• THE TASK
Where the line with "IvyGate-MarketReport-January2020-v1" appears below, start writing out lines exactly, and finish with the line with "parafango Anteriore Corto", which is included; write out nothing else.

• TASK INPUTS
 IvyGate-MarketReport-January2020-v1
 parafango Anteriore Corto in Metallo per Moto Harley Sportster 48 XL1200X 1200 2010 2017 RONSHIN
--
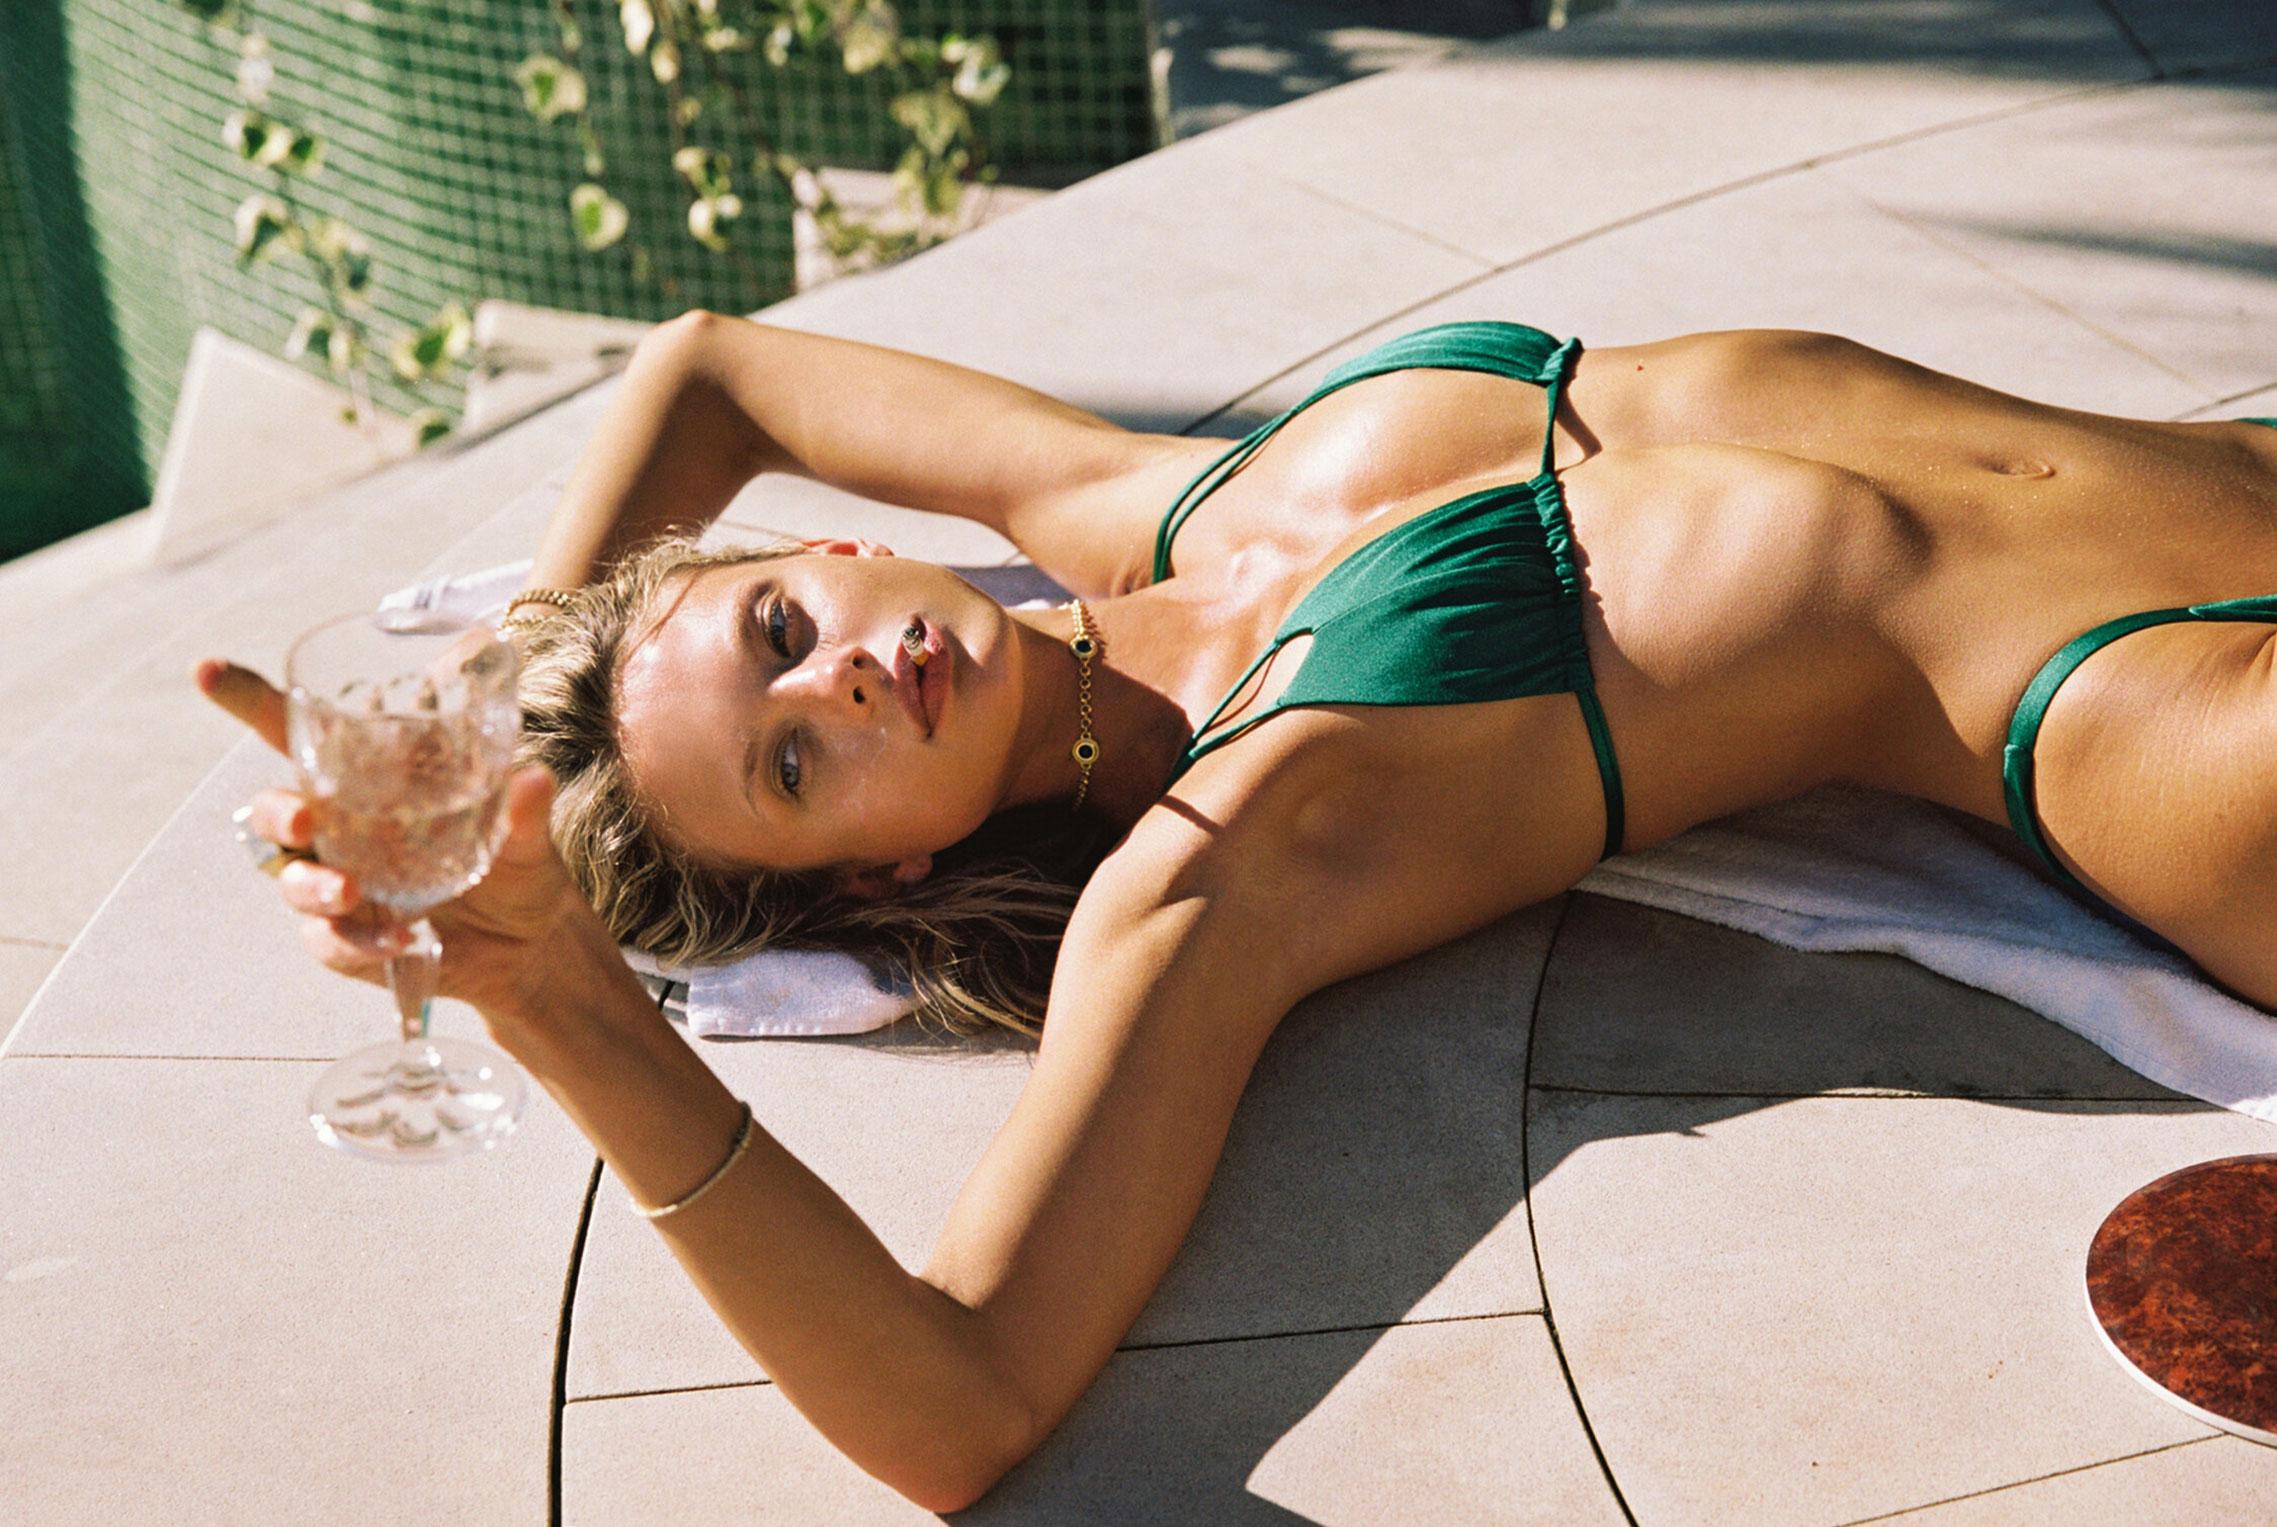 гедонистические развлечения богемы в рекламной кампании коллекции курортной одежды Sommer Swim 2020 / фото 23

• ANSWER FOR THIS EXERCISE
 IvyGate-MarketReport-January2020-v1
 parafango Anteriore Corto in Metallo per Moto Harley Sportster 48 XL1200X 1200 2010 2017 RONSHIN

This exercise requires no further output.